И уж конечно Муссолини не стоило опасаться «прозревших либералов», которые приняли решение выйти из его правительства и парламентской коалиции, – лишенные какой-либо поддержки «простого народа», они напрасно искали защиты у монархии. Пройдет совсем немного времени, и большинство из «колеблющихся» вернутся на прежние позиции поддержки «Национального блока» и Муссолини как меньшего зла – фашизм показал свою стойкость, так зачем же погибать в одном окопе с социалистами и коммунистами? Большую принципиальность проявили «политические католики», но римская курия изначально не ставила перед собой цели обрушения правительства, а потому противостояние чернорубашечников и католических молодежных организаций всегда носило спорадический характер.
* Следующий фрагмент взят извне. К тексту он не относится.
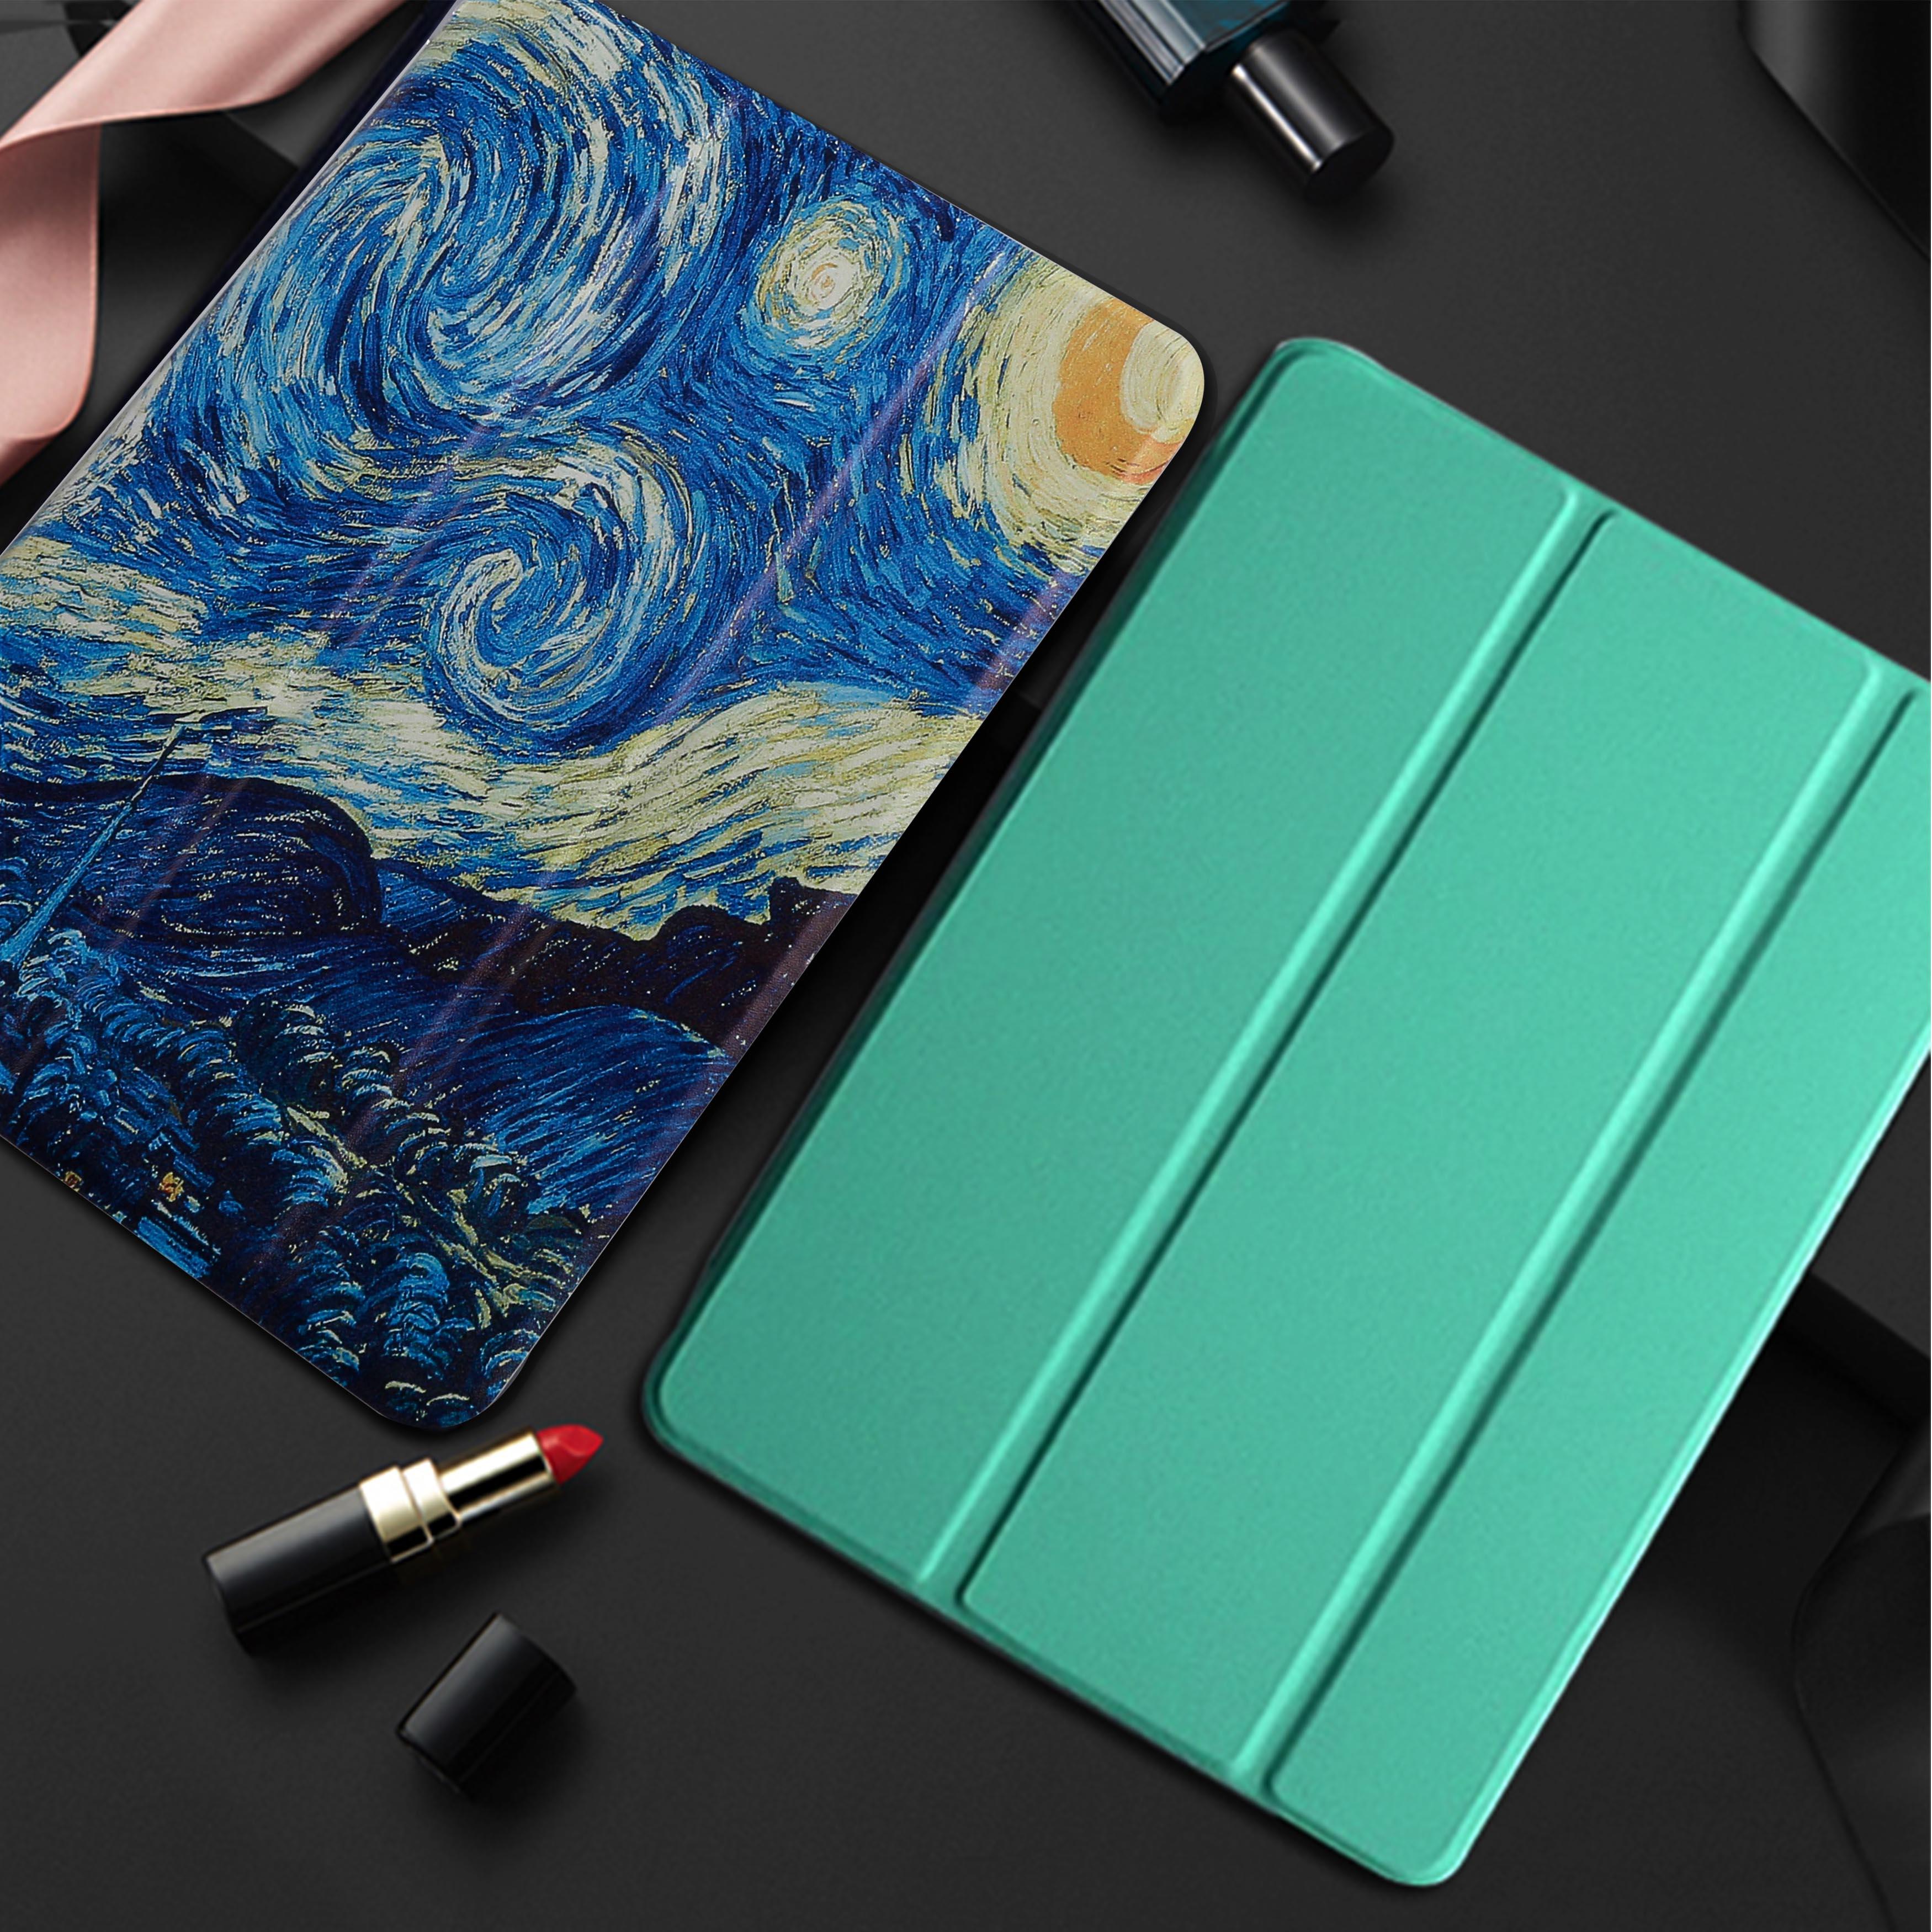 Caso para Samsung Galaxy Tab A 9,7 T550 T555 fundas Ultra Slim despertar cubierta inteligente para Galaxy Tab E 9,6 T560 T561 caso de la cubierta

«А оппозиция-то голая!» – вполне мог воскликнуть Муссолини. Так оно и было – страсти вокруг погибшего депутата поутихли, а фундамент фашистского правительства продолжал укрепляться. Массовое и хорошо вооруженное войско чернорубашечников, политический союз с монархией, националистами, консерваторами и центристами, поддержка промышленников, капиталистов, среднего класса и крестьянства – все это позволило Муссолини не только пережить кризис 1924 года, но и пойти дальше. Чего стоила «относительная» утрата прежних свобод перед целой серией дипломатических и экономических достижений? Да и диктатуру, вместе с большинством законодательных актов, обеспечивающих ее юридическое обоснование, в 20-е годы неизменно называли временным, вынужденным явлением. Не случайно большинство наиболее жестких мер будет осуществляться под вывеской «чрезвычайных законов». Тот, кто предпочитал тешить себя надеждами на постепенное смягчение режима, мог найти немало оправданий для своего конформизма.

Однако в этот период Муссолини пришлось не только бороться с политическими врагами, оппозицией в собственной партии и колеблющимися союзниками, но и самому подвергнуться немалому риску. Ему предстояло пережить череду покушений.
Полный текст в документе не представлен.